The task. Starting at the line that contains "Aqua Bamboo Foldable", repeat each line of the listing below through the last one, exactly, and leave out every picture.
***** Data excerpt *****
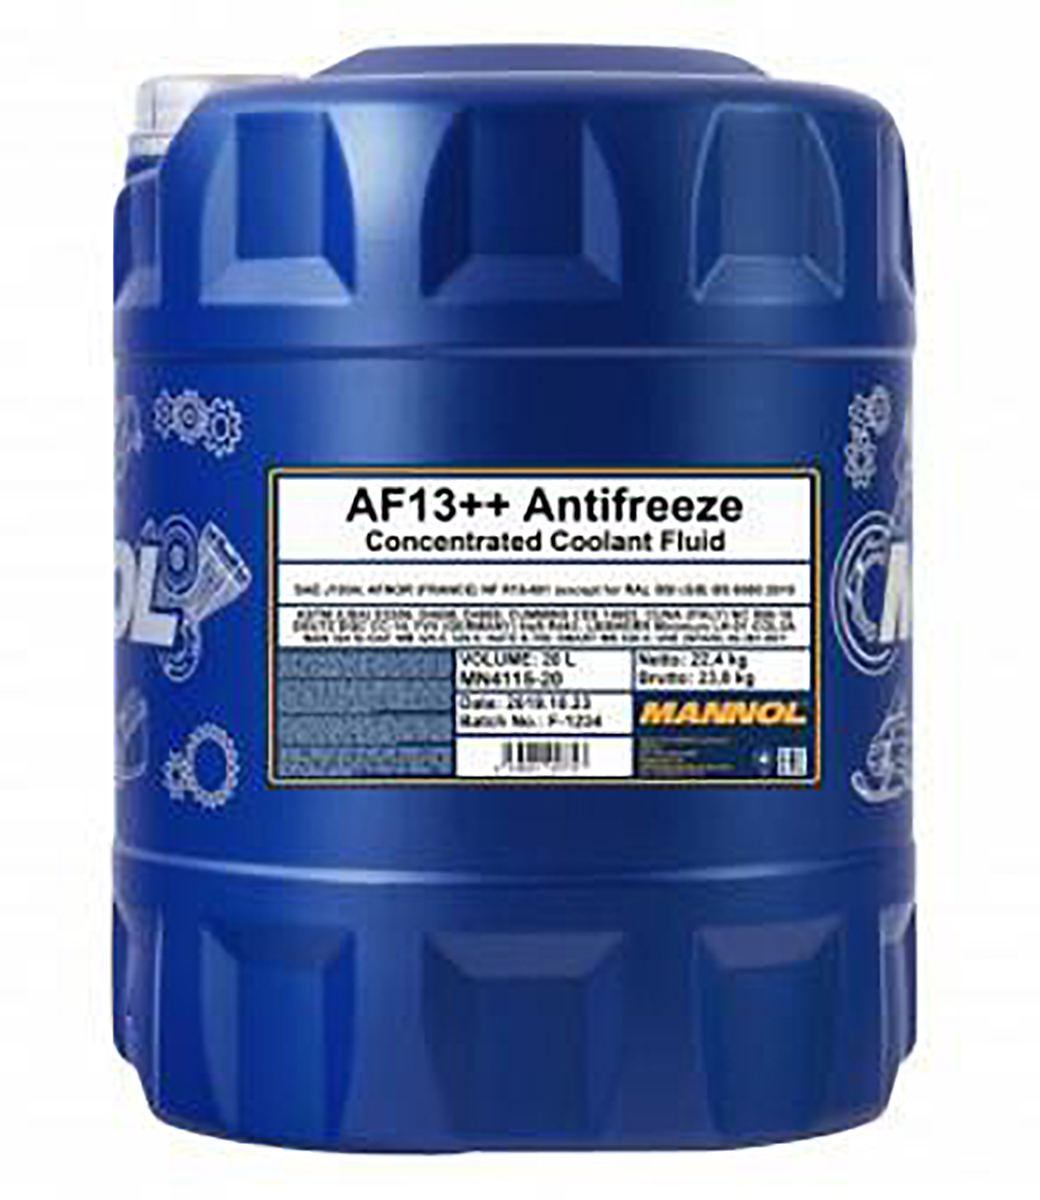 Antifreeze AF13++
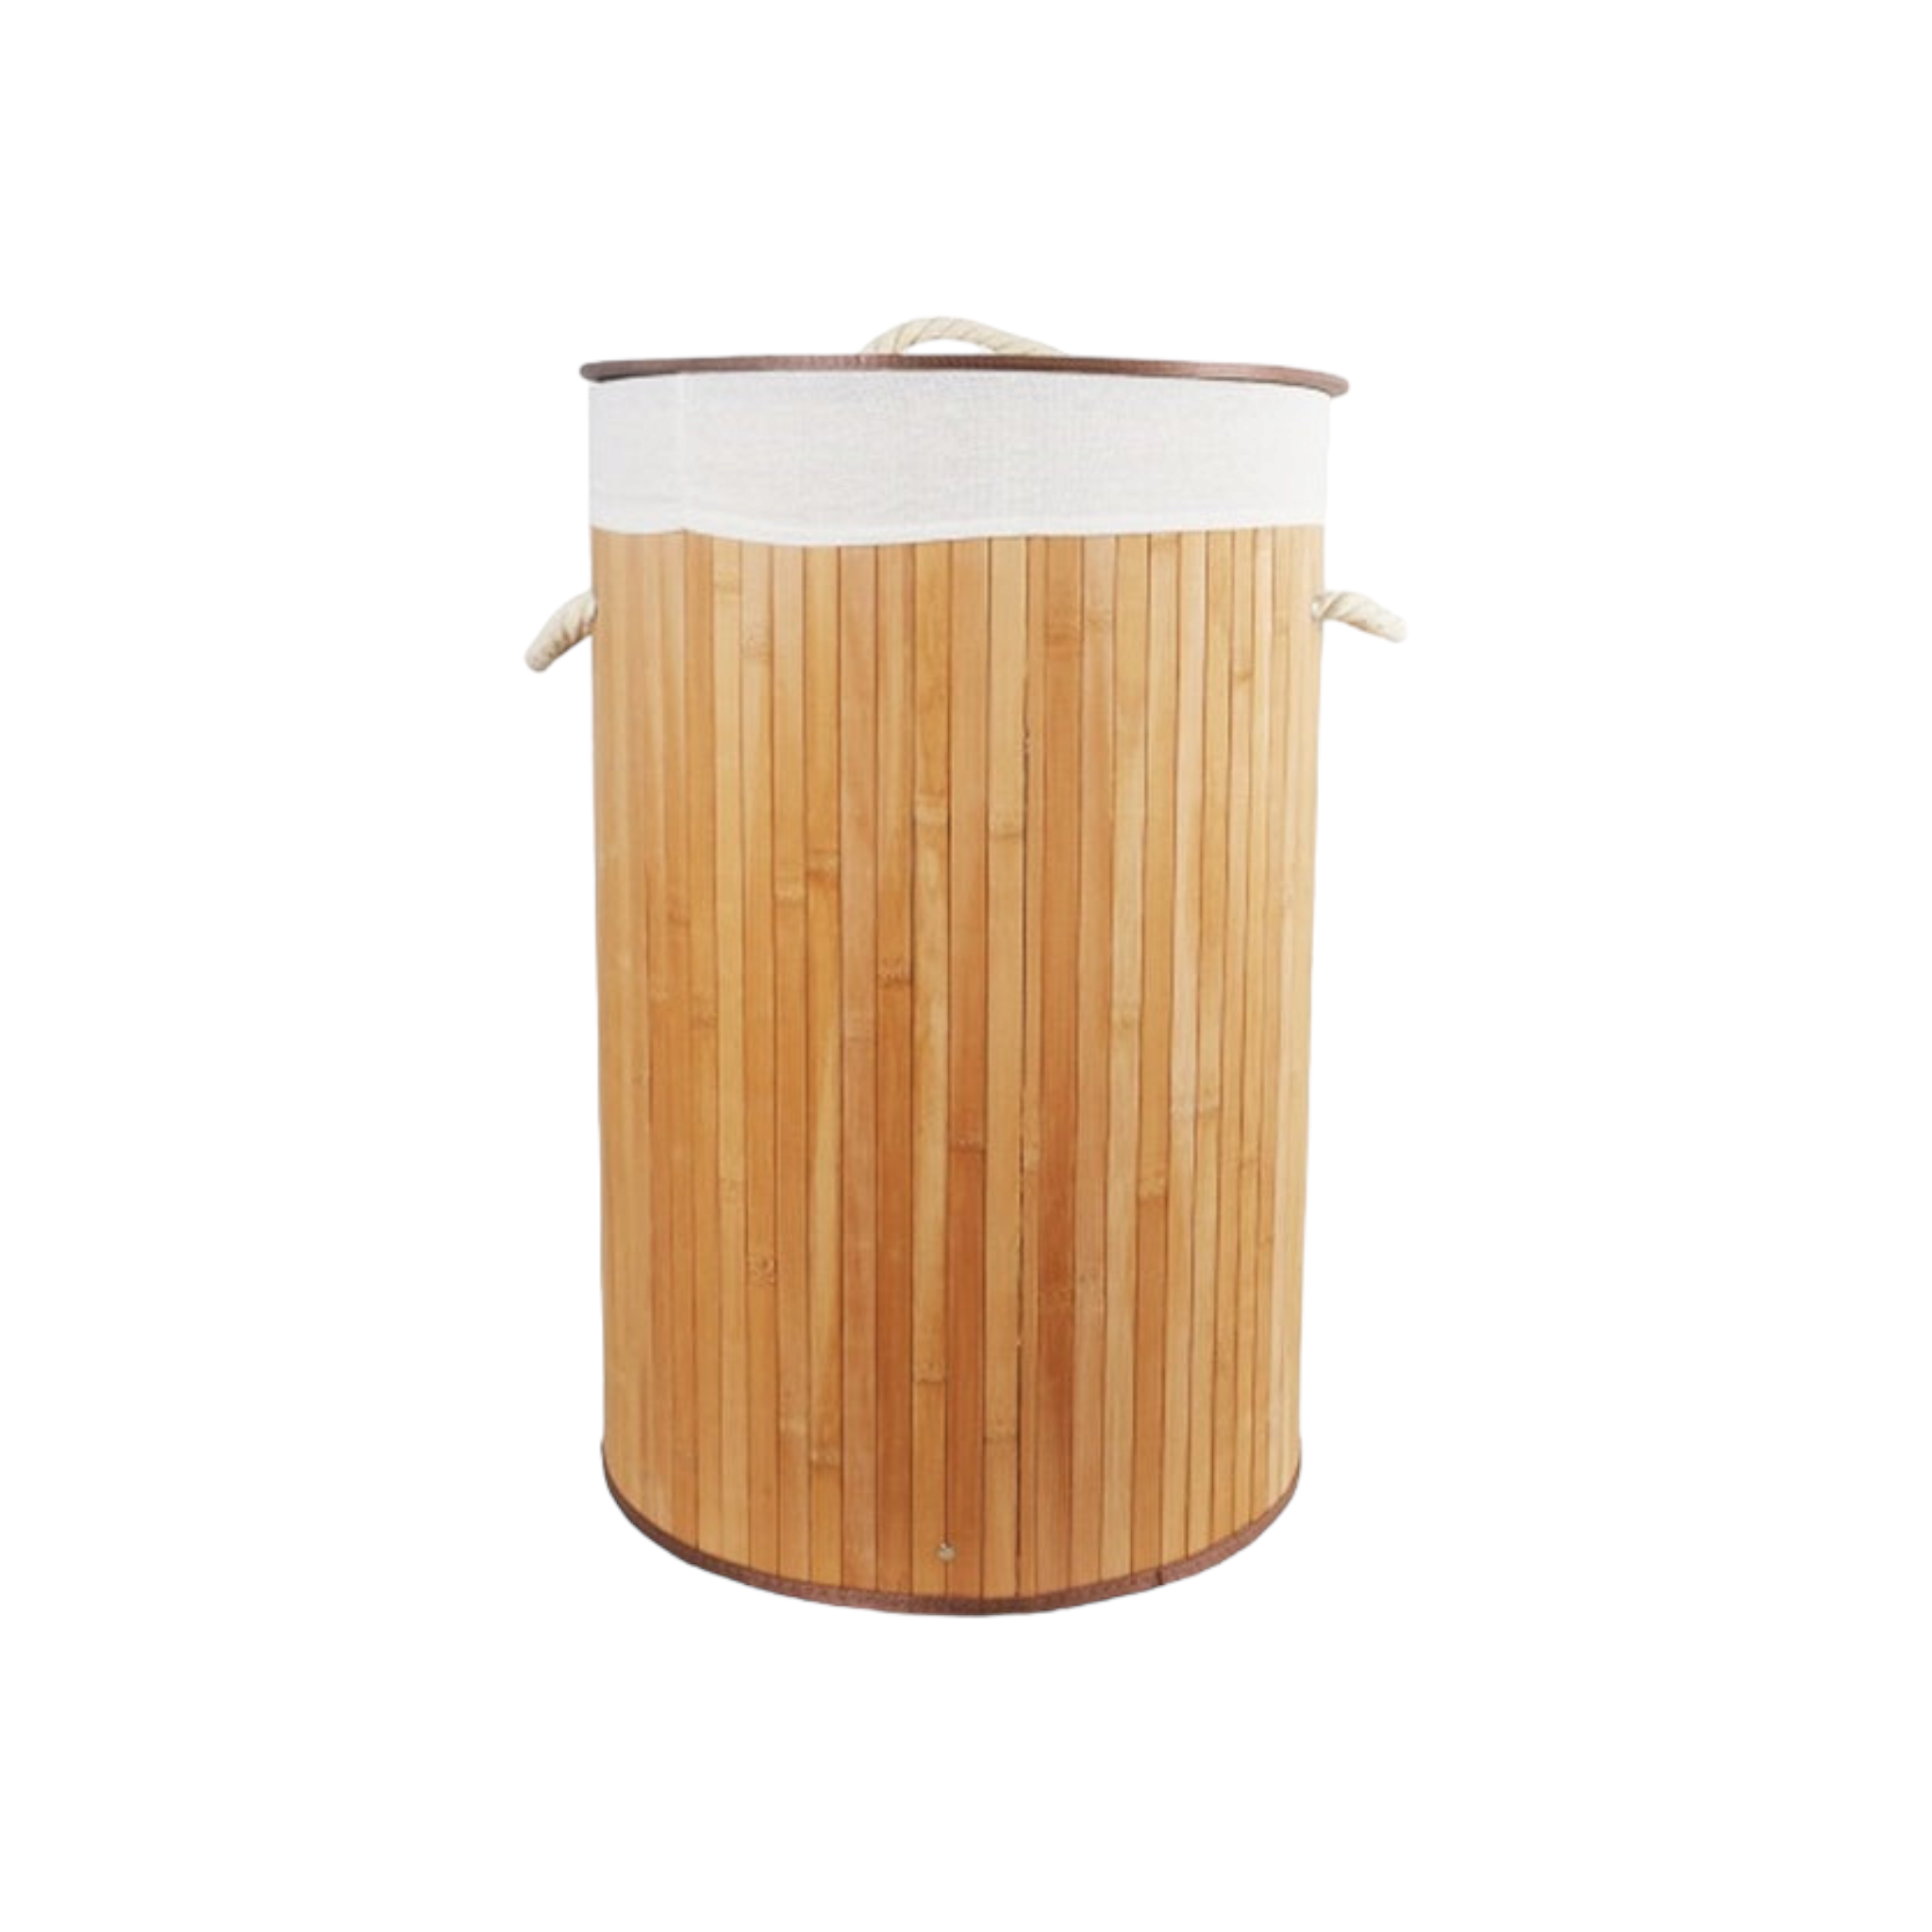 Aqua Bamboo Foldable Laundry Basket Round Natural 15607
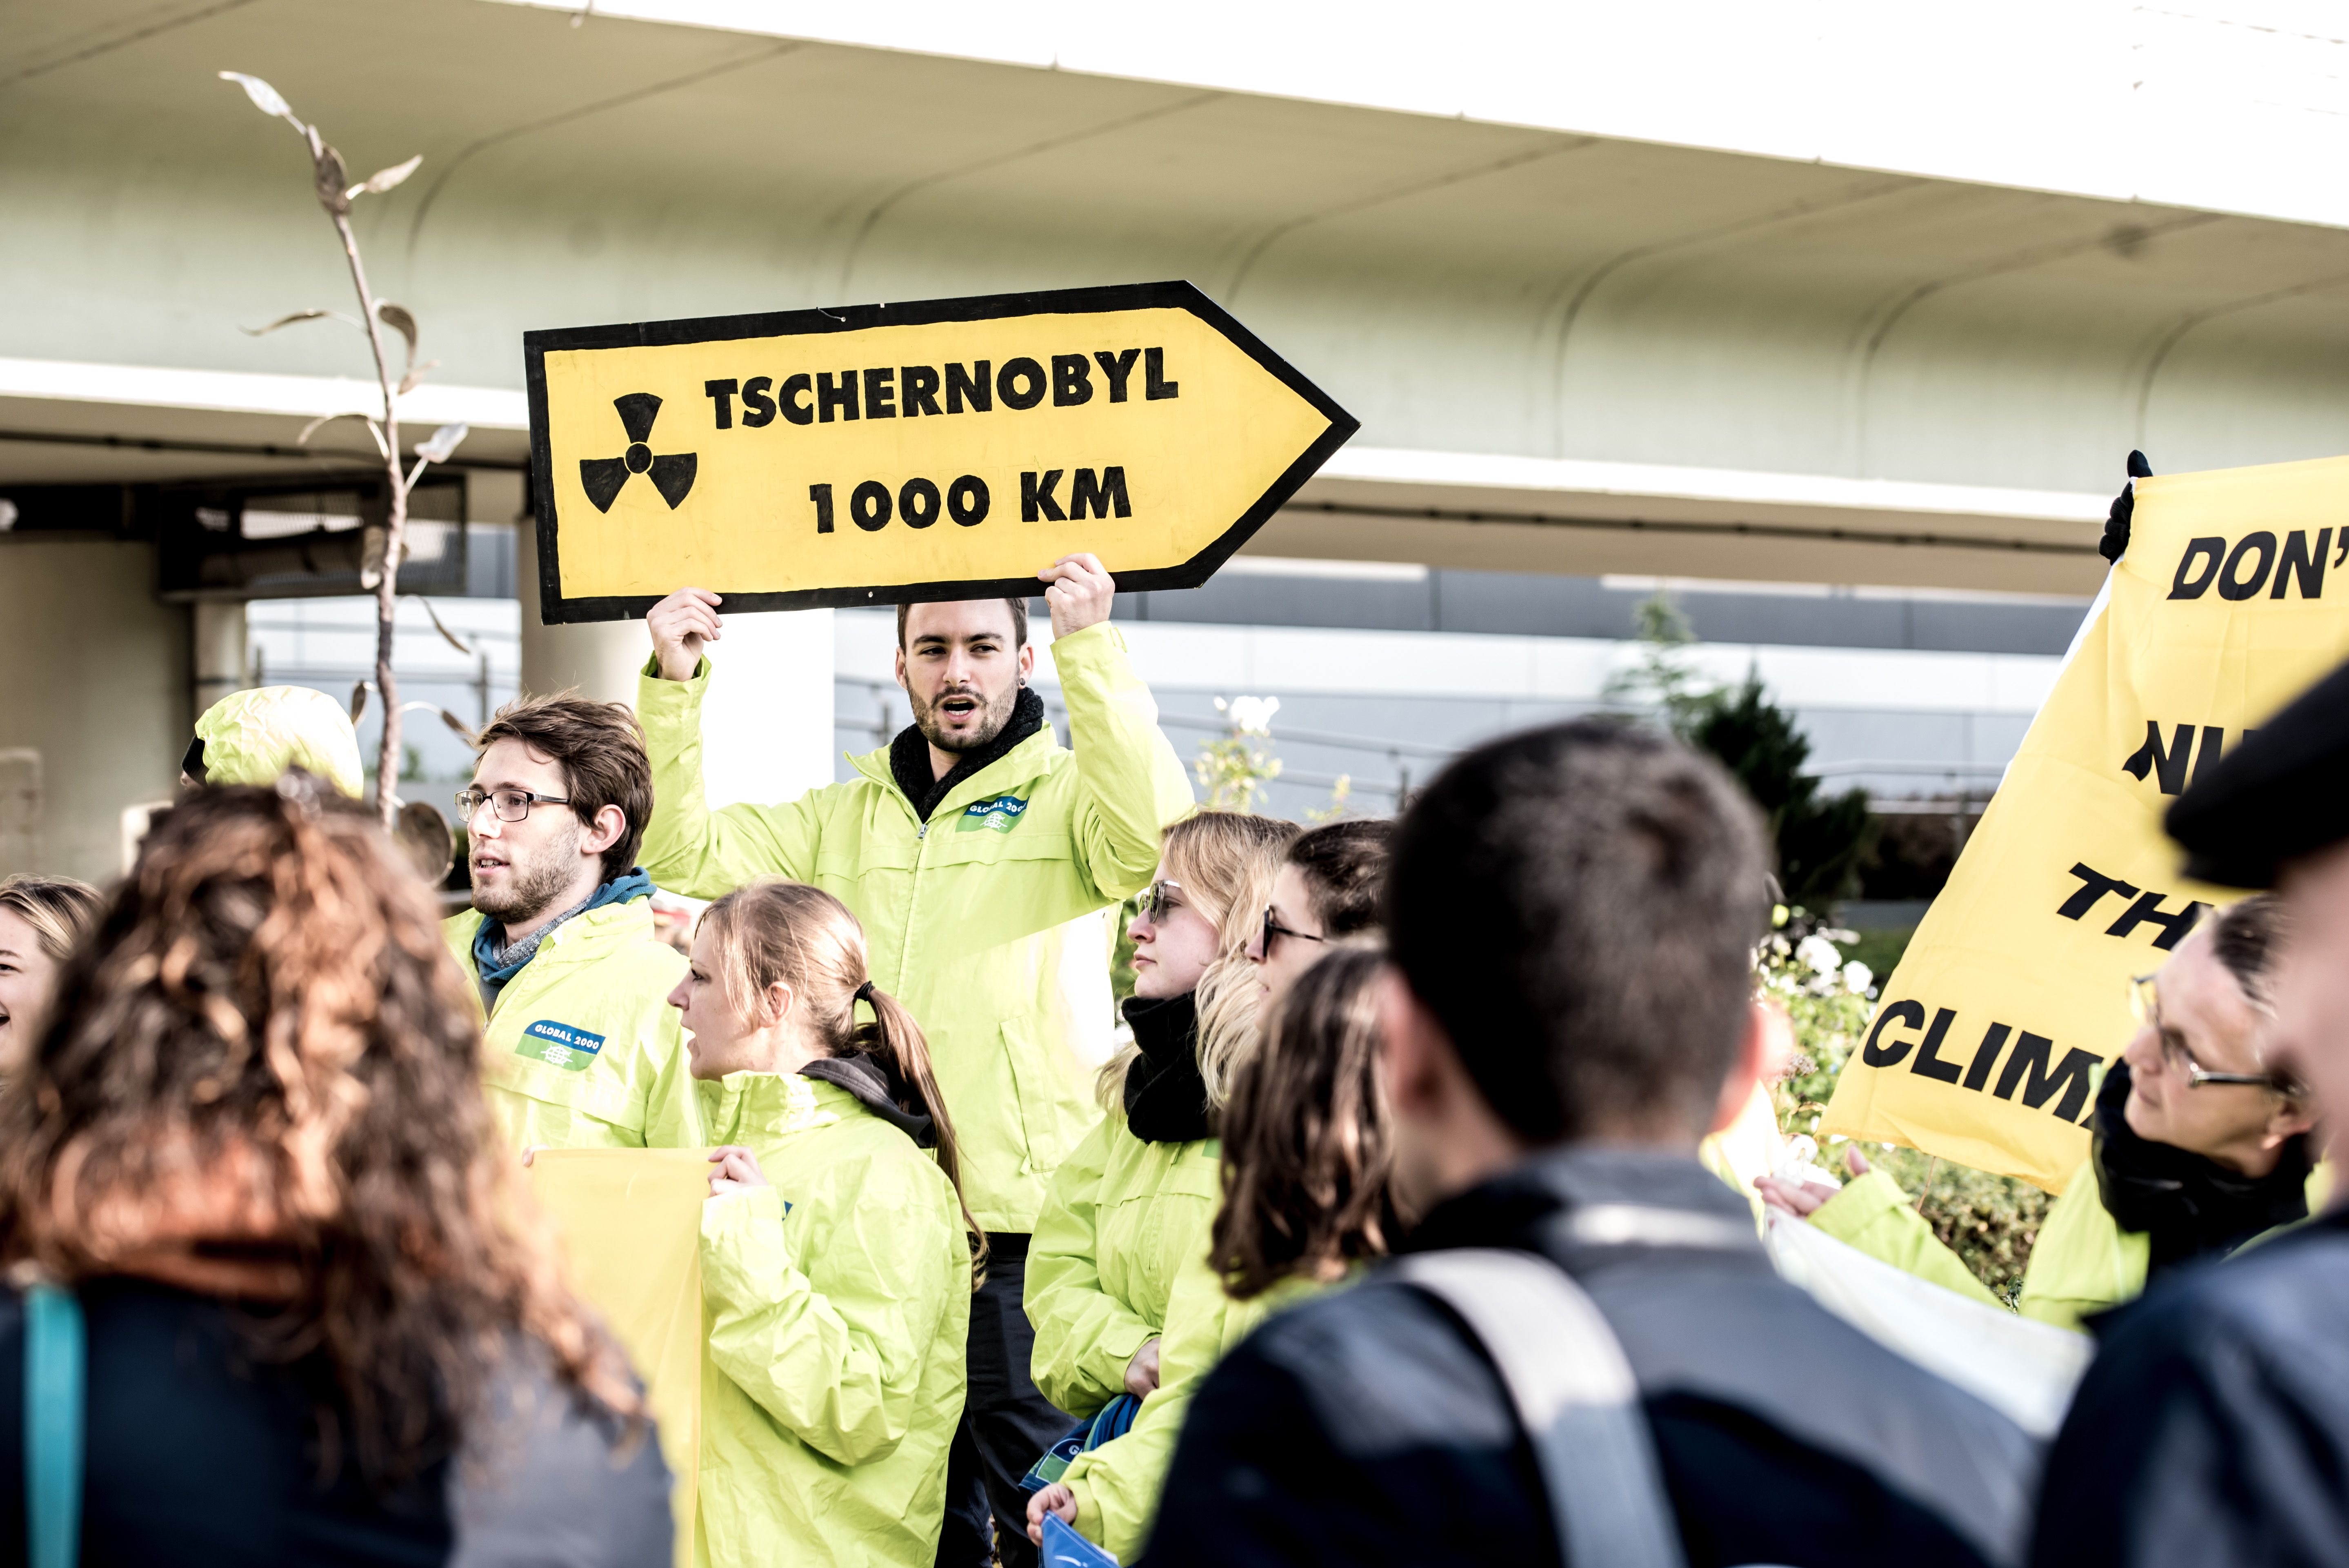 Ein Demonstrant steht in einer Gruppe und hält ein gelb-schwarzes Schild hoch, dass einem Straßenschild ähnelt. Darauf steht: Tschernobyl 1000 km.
*****
Solution.
 Aqua Bamboo Foldable Laundry Basket Round Natural 15607
 Ein Demonstrant steht in einer Gruppe und hält ein gelb-schwarzes Schild hoch, dass einem Straßenschild ähnelt. Darauf steht: Tschernobyl 1000 km.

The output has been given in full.